**PROVIDED RECORDS**

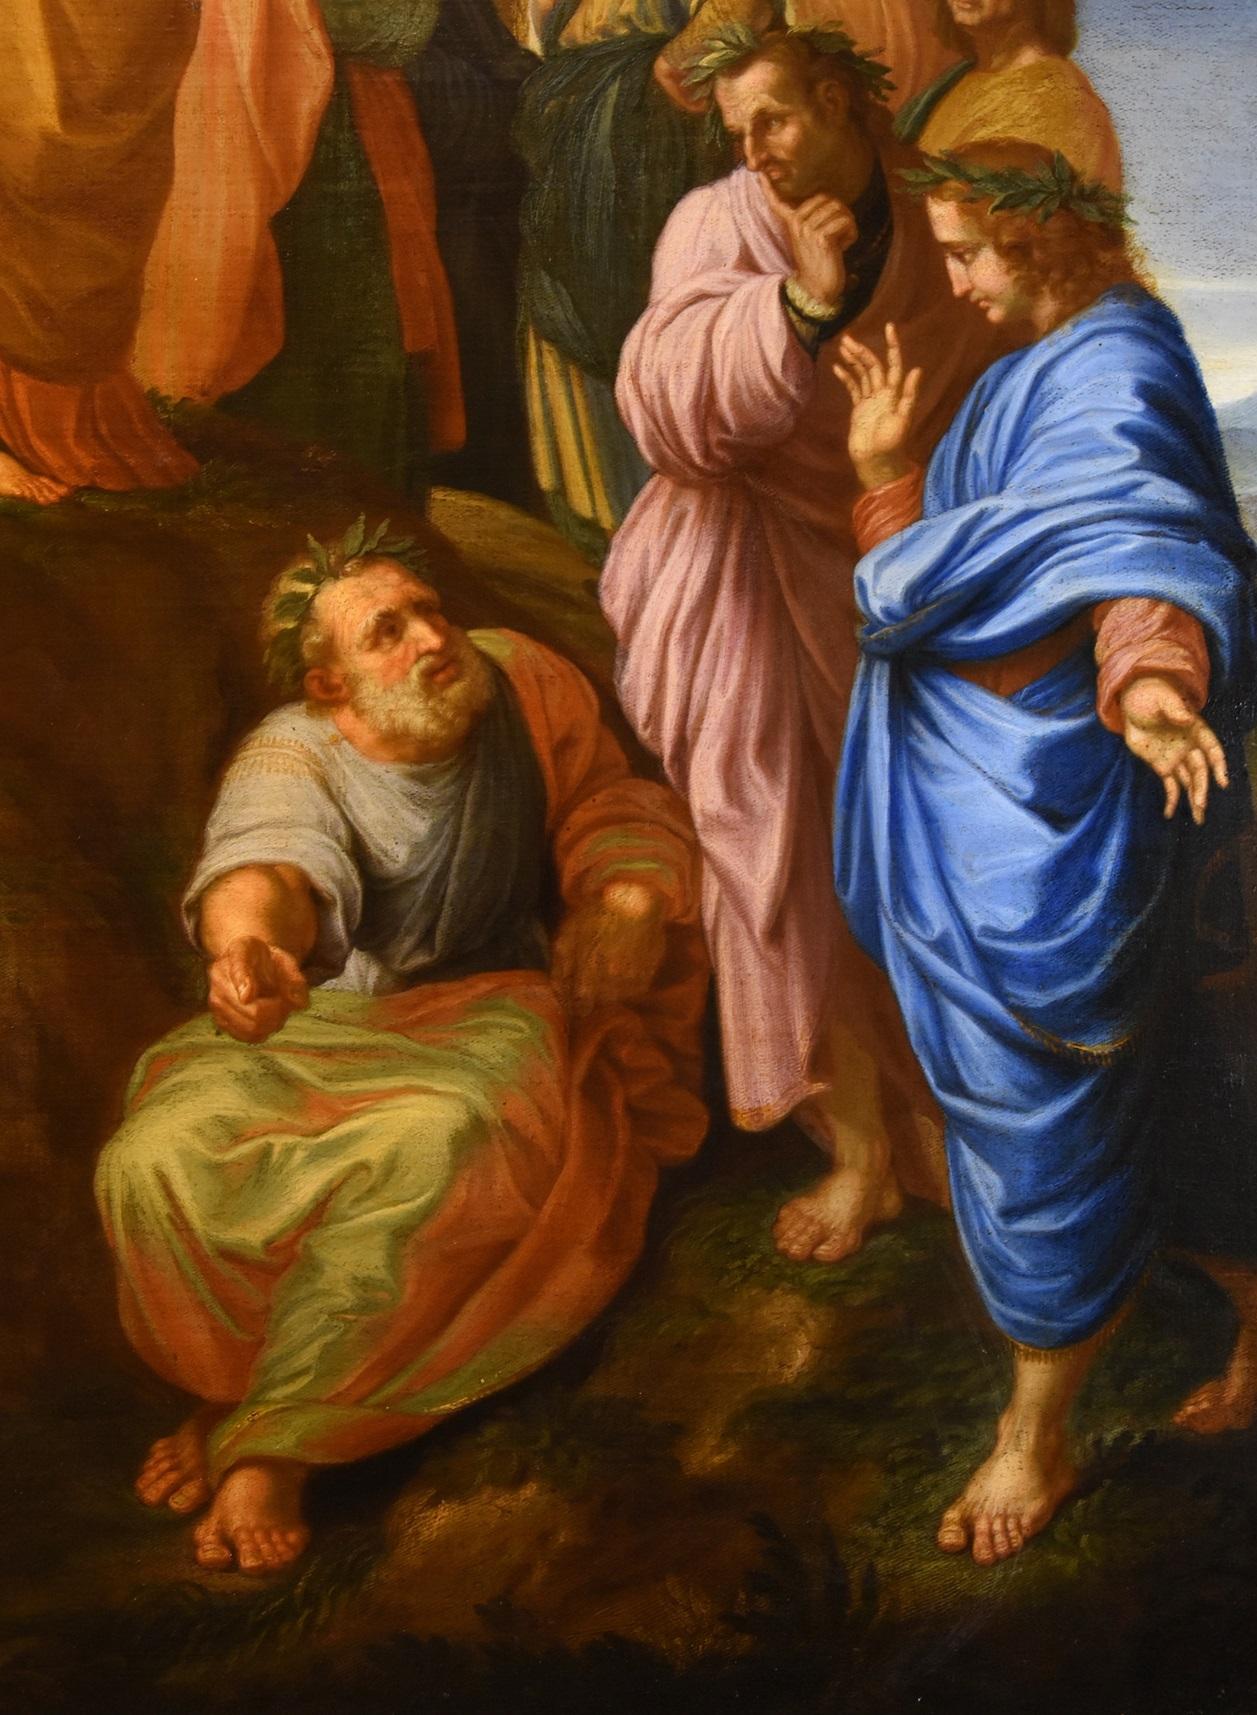 d'après RAFFAELLO SANZIO (Urbino, 1483 - Rome, 1520), 
Le Parnasse avec Apollo, les Muses et les poètes anciens et modernes

17ème-18ème siècle
Huile sur toile (123 x 173 cm - encadré 137 x 187 cm.)

Cette peinture raffinée, d'une taille

**PROBLEM STATEMENT**
Repeat the records above verbatim, with no pictures in the result.

**REPLY TO THE TASK**
 d'après RAFFAELLO SANZIO (Urbino, 1483 - Rome, 1520), 
Le Parnasse avec Apollo, les Muses et les poètes anciens et modernes

17ème-18ème siècle
Huile sur toile (123 x 173 cm - encadré 137 x 187 cm.)

Cette peinture raffinée, d'une taille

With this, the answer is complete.